--- START ---

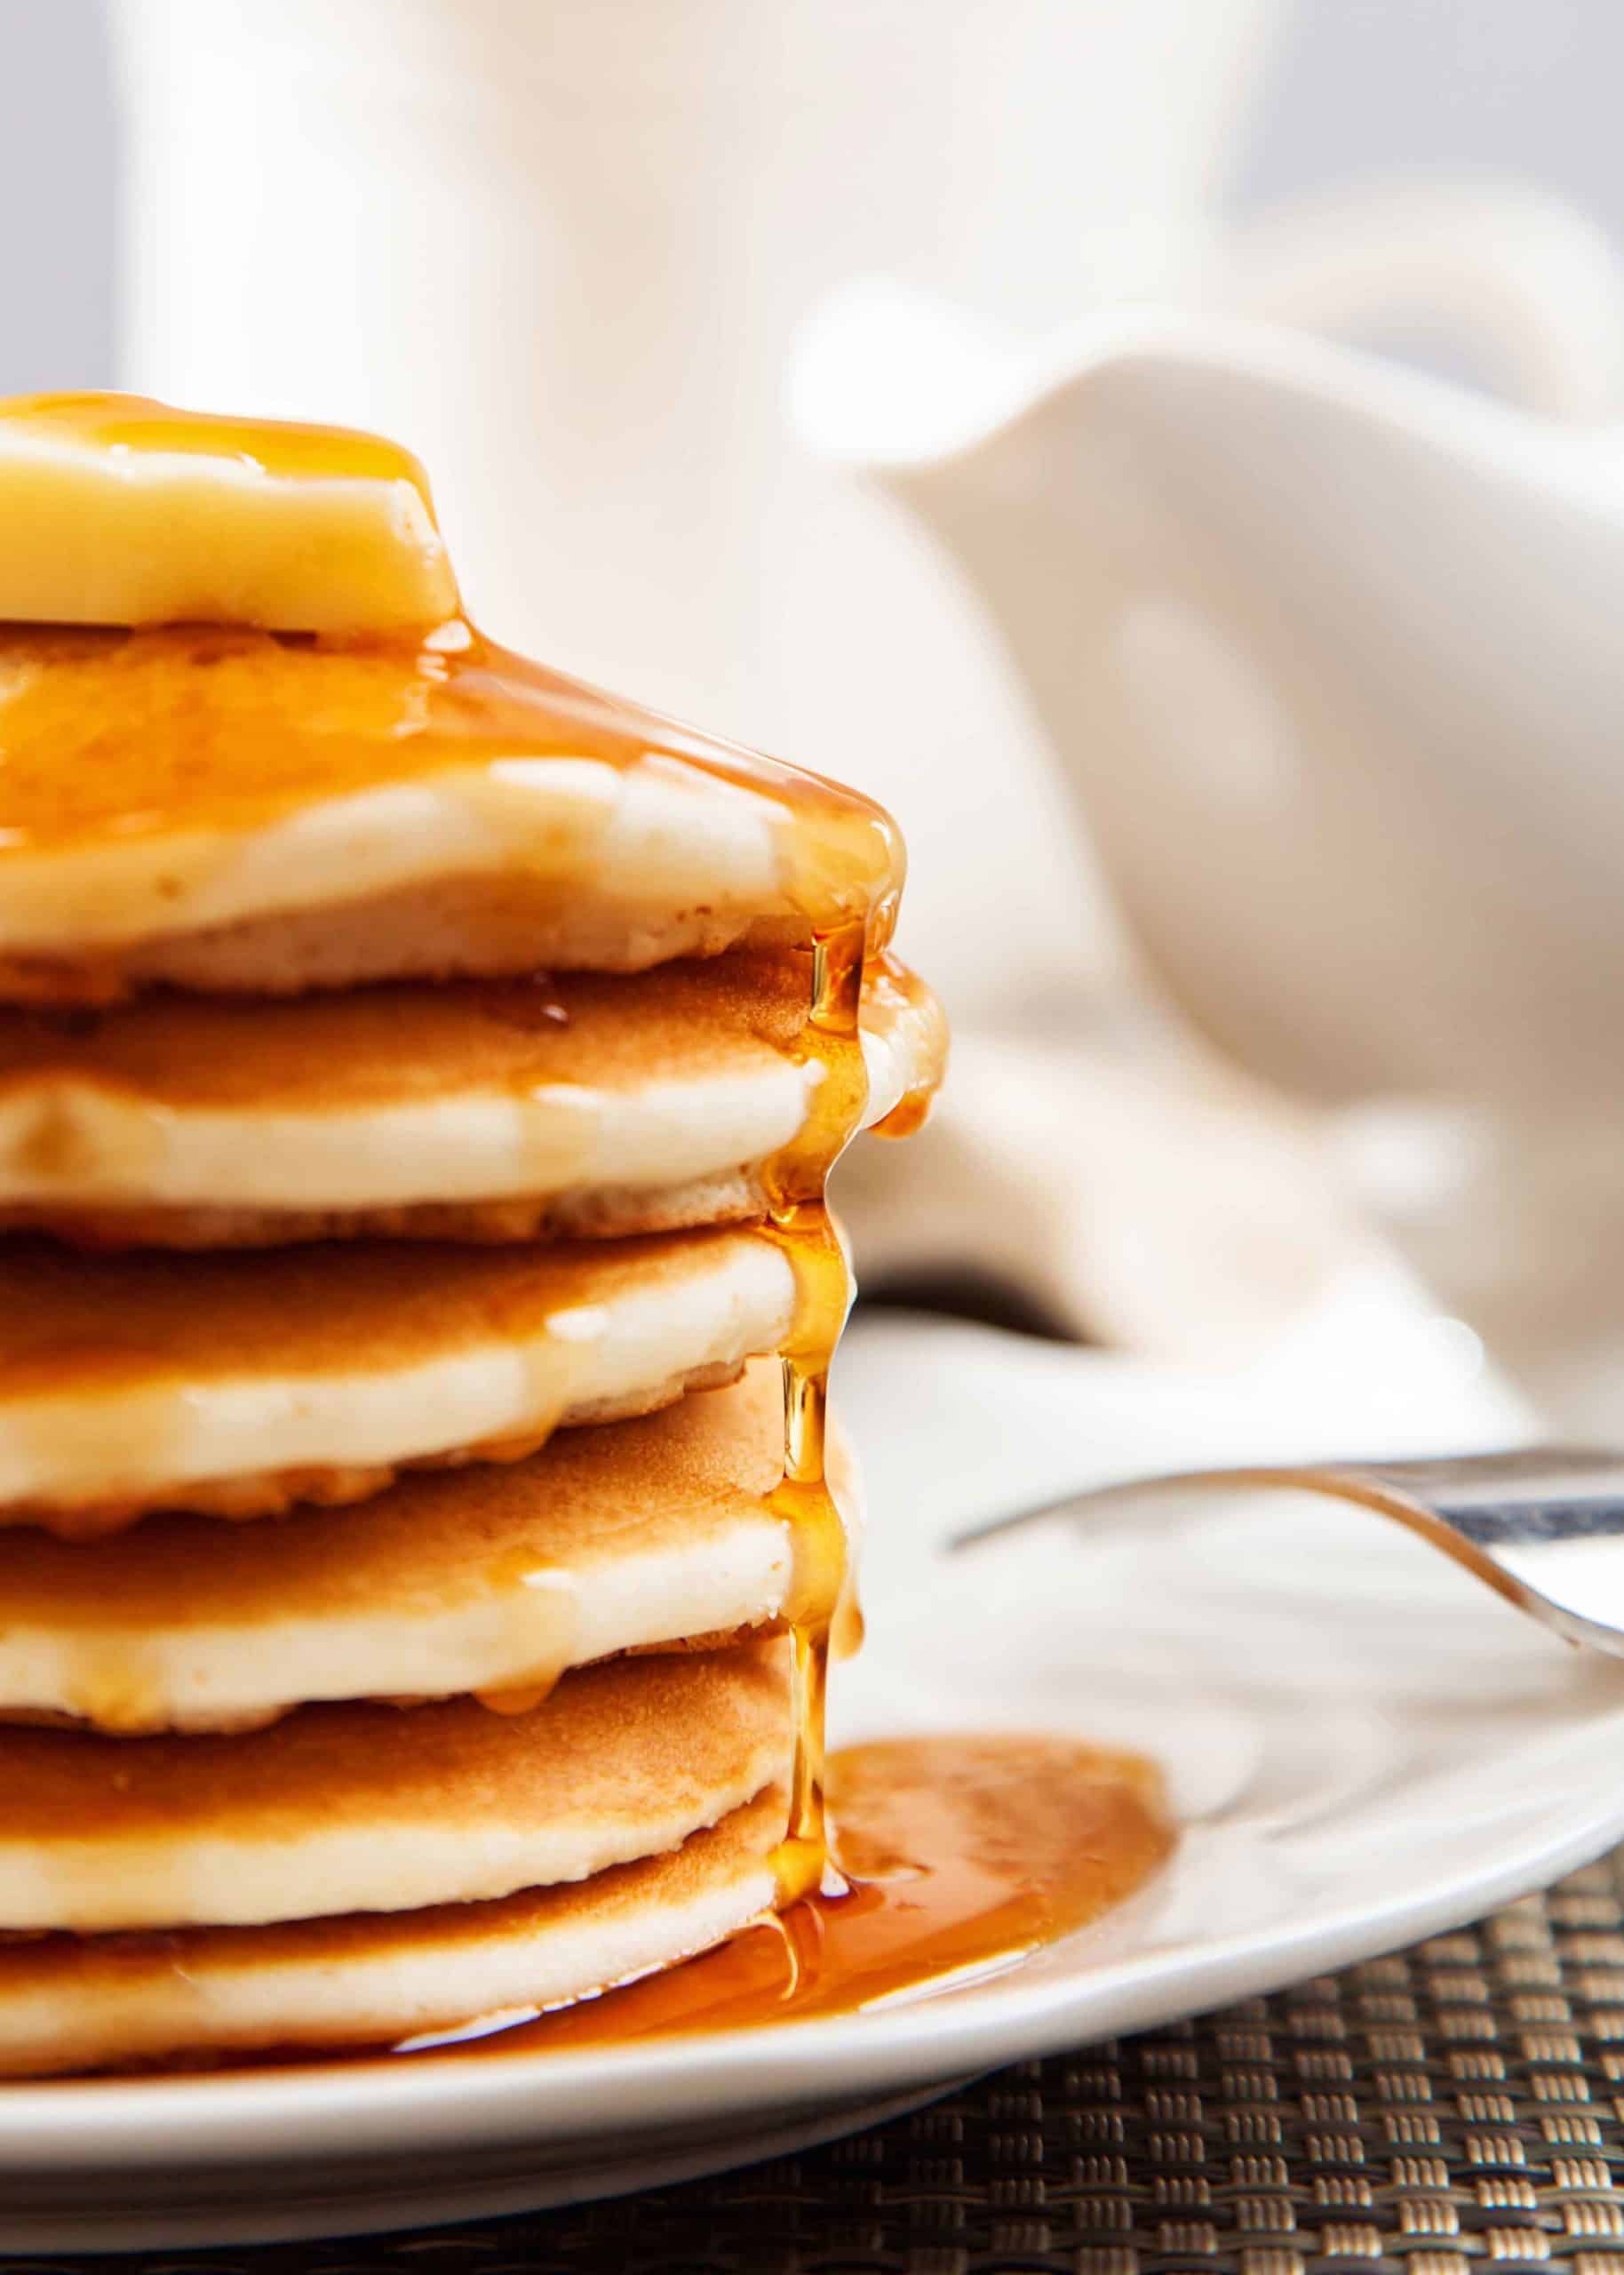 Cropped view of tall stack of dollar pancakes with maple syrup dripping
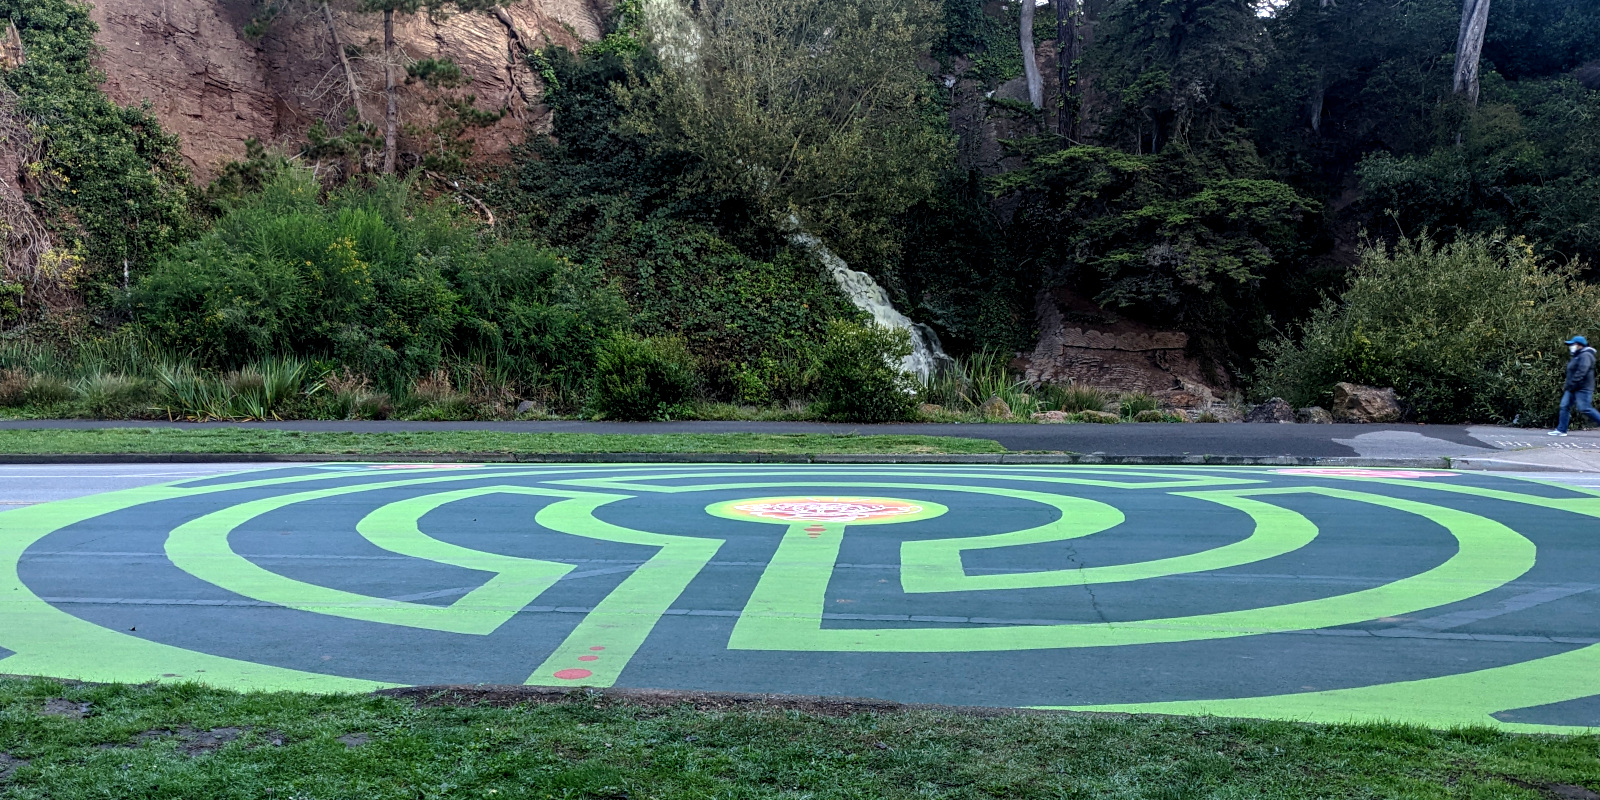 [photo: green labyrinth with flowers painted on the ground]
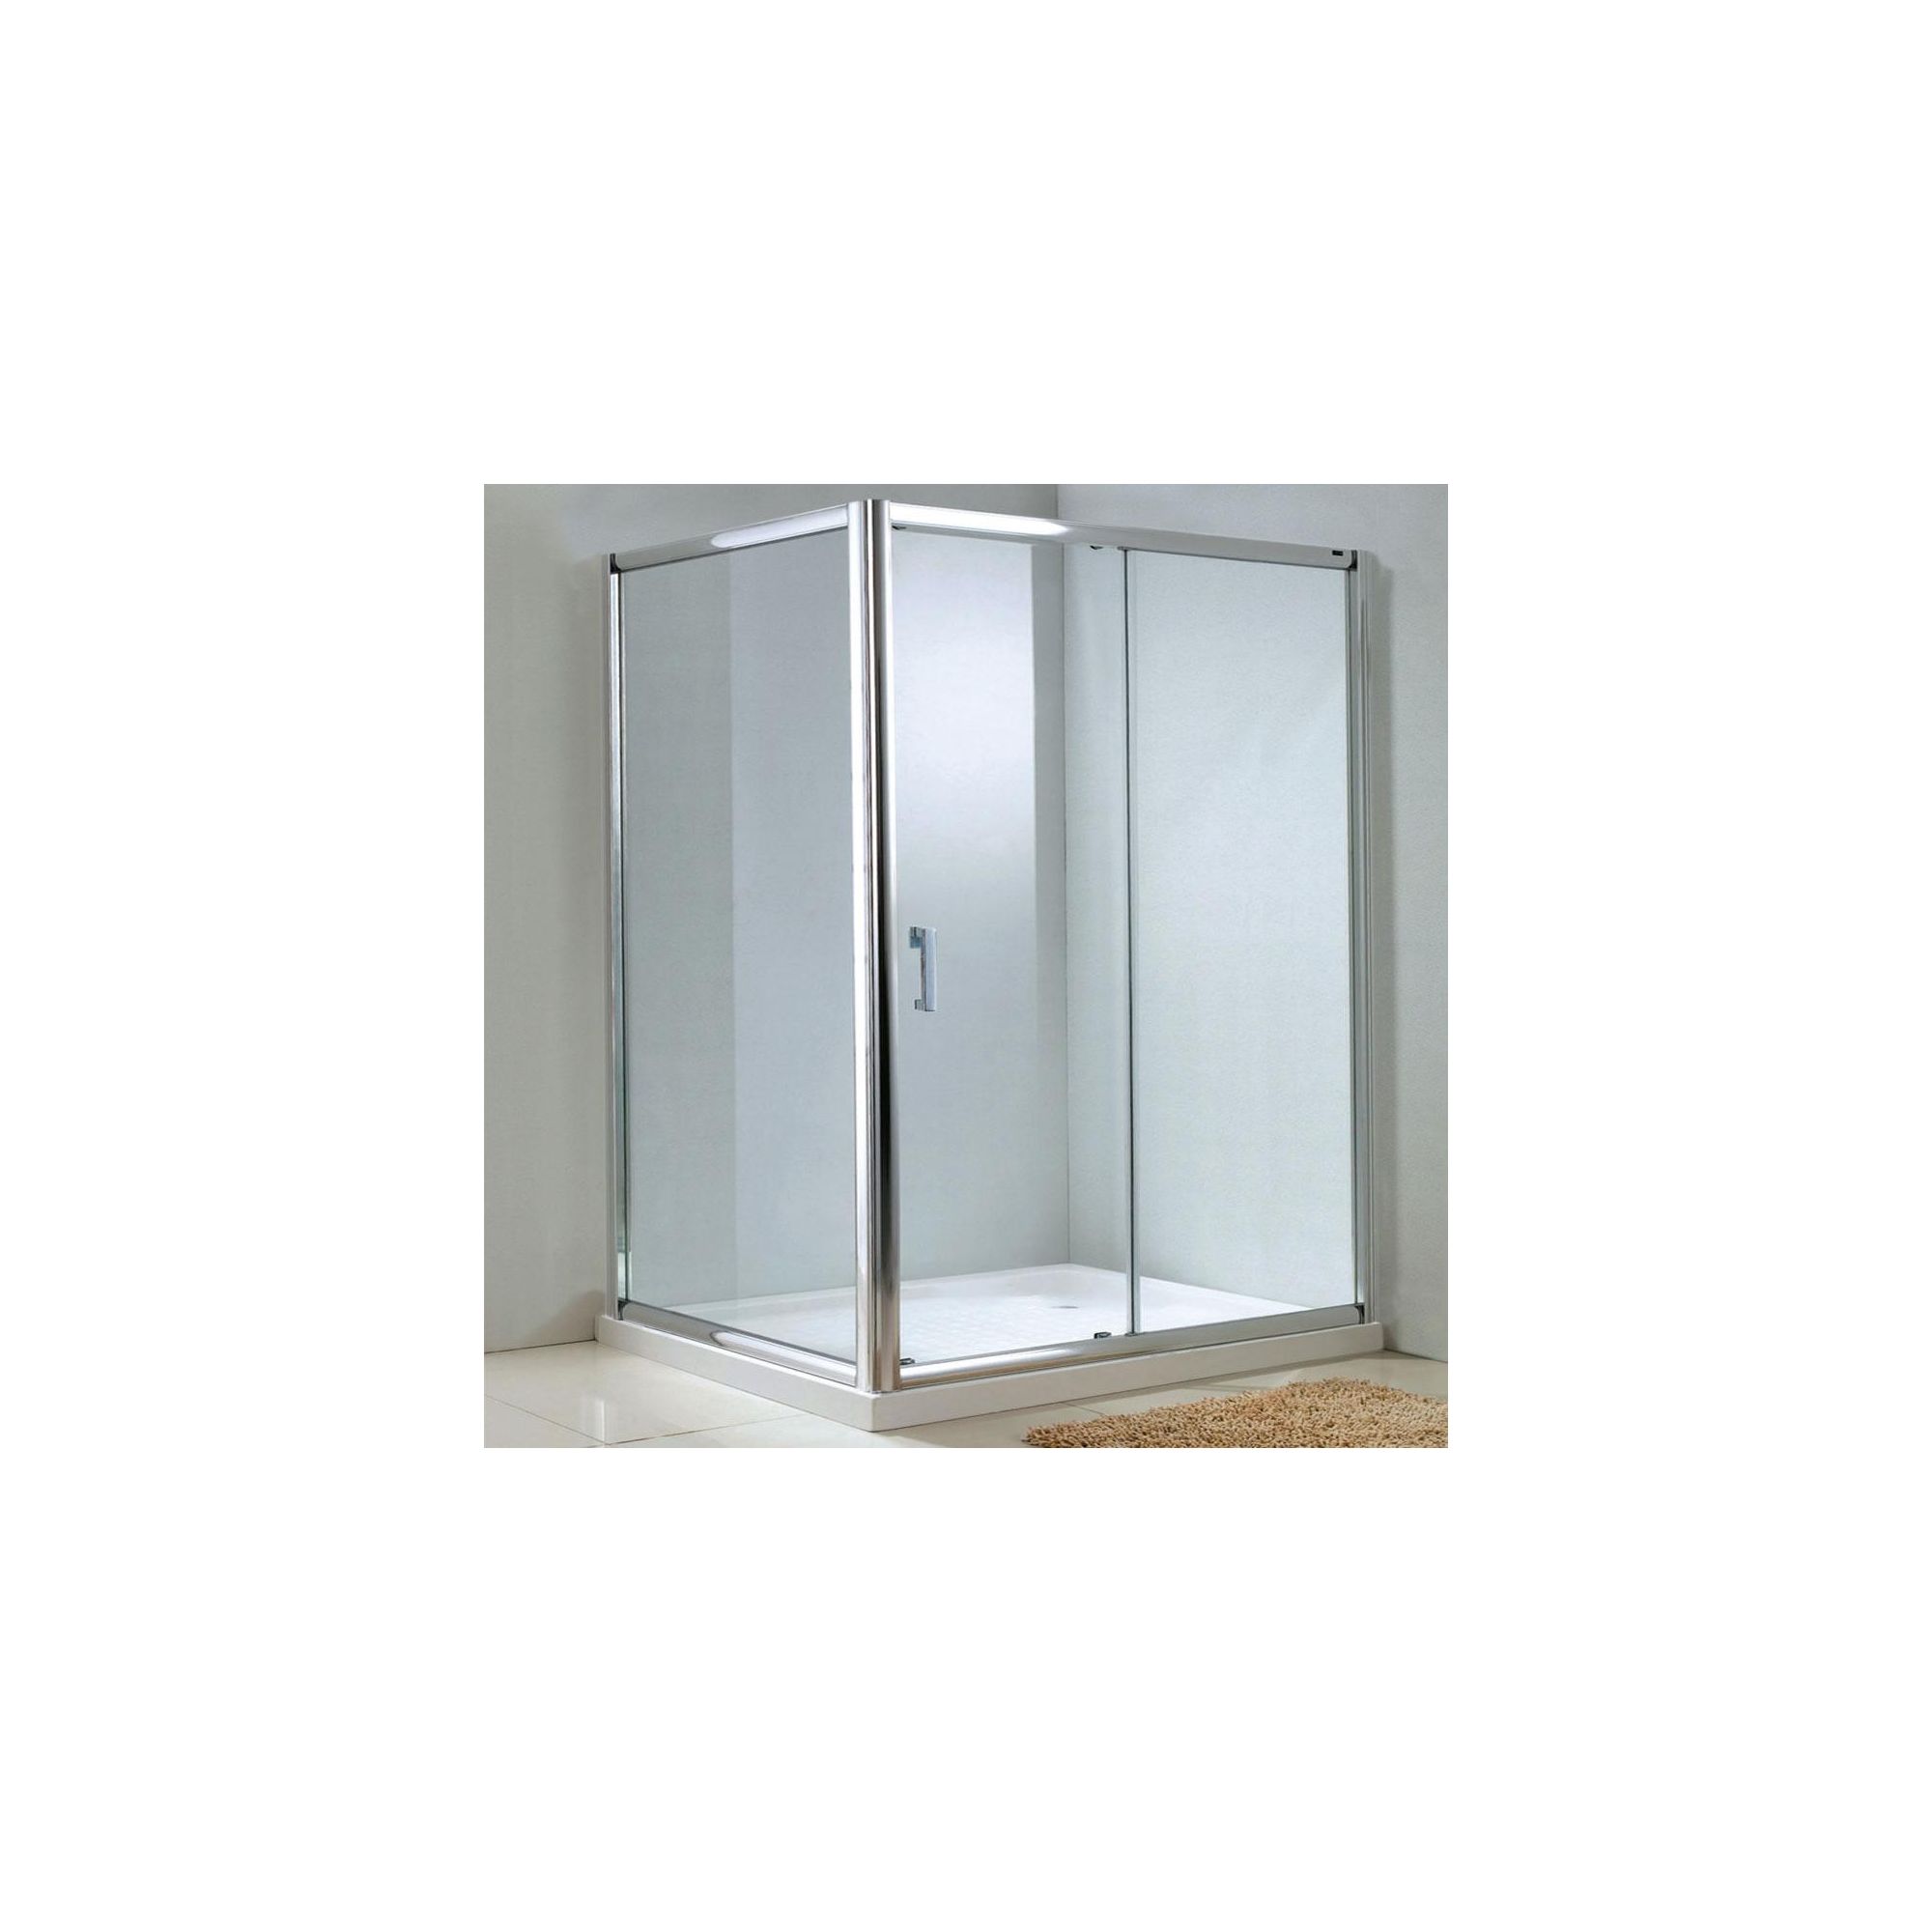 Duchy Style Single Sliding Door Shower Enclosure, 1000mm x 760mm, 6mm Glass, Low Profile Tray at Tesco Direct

--- END ---

● **Instructions for the task**
Please return the material above unchanged, with every picture removed.

● **Your solution**
 Cropped view of tall stack of dollar pancakes with maple syrup dripping
 [photo: green labyrinth with flowers painted on the ground]
 Duchy Style Single Sliding Door Shower Enclosure, 1000mm x 760mm, 6mm Glass, Low Profile Tray at Tesco Direct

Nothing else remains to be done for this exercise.